+++ DATA EXTRACTS +++

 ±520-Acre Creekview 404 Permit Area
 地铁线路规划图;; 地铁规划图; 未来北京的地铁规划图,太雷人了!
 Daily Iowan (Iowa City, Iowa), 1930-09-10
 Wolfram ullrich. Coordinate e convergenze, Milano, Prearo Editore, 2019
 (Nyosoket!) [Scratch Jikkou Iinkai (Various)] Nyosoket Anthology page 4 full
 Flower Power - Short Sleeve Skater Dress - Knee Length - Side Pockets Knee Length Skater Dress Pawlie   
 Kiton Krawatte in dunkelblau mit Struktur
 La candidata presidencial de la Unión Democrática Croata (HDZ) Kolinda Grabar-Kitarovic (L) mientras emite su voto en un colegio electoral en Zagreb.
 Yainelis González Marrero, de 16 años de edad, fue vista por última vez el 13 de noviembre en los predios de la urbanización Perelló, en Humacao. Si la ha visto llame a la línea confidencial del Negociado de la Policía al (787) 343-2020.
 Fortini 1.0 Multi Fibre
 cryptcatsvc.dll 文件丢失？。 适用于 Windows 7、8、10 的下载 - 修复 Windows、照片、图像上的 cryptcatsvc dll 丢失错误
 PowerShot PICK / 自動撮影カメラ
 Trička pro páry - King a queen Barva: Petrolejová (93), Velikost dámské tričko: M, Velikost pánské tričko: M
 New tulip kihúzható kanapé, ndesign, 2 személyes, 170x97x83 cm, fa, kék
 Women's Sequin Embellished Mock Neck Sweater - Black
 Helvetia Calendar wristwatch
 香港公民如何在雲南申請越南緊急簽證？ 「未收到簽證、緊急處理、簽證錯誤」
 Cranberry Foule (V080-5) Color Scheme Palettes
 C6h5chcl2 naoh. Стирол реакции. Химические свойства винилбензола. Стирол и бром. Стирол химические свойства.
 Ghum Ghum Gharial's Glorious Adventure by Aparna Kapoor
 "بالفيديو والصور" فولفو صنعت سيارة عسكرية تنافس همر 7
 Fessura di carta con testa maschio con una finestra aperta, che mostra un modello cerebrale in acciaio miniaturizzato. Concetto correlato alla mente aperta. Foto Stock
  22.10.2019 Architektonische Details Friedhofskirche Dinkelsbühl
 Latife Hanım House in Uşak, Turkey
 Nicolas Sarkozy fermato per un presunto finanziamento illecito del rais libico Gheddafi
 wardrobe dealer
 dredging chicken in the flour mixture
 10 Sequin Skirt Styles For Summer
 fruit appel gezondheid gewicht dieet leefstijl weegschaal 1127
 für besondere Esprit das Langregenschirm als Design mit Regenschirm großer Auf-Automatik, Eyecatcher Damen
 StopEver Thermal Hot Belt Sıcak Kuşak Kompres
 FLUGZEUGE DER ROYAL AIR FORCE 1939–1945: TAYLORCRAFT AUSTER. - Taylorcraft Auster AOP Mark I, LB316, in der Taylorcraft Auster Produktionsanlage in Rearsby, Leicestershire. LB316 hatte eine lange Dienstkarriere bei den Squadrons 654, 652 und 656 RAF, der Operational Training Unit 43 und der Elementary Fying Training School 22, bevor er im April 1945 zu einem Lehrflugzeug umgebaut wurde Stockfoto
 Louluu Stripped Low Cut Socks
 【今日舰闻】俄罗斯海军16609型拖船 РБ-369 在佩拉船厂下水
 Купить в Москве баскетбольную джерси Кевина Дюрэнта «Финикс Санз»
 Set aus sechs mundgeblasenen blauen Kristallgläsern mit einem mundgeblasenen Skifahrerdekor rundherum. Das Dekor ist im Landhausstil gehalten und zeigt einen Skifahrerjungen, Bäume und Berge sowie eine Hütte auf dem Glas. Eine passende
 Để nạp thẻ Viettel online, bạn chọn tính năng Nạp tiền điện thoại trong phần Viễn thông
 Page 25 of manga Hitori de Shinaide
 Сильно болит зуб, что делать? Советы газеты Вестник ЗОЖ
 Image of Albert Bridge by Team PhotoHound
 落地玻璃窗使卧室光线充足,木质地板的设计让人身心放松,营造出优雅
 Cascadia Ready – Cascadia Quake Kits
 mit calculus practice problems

+++

In the lines above, locate the string "Sequin". Copy every line where it occurs.

 Women's Sequin Embellished Mock Neck Sweater - Black
 10 Sequin Skirt Styles For Summer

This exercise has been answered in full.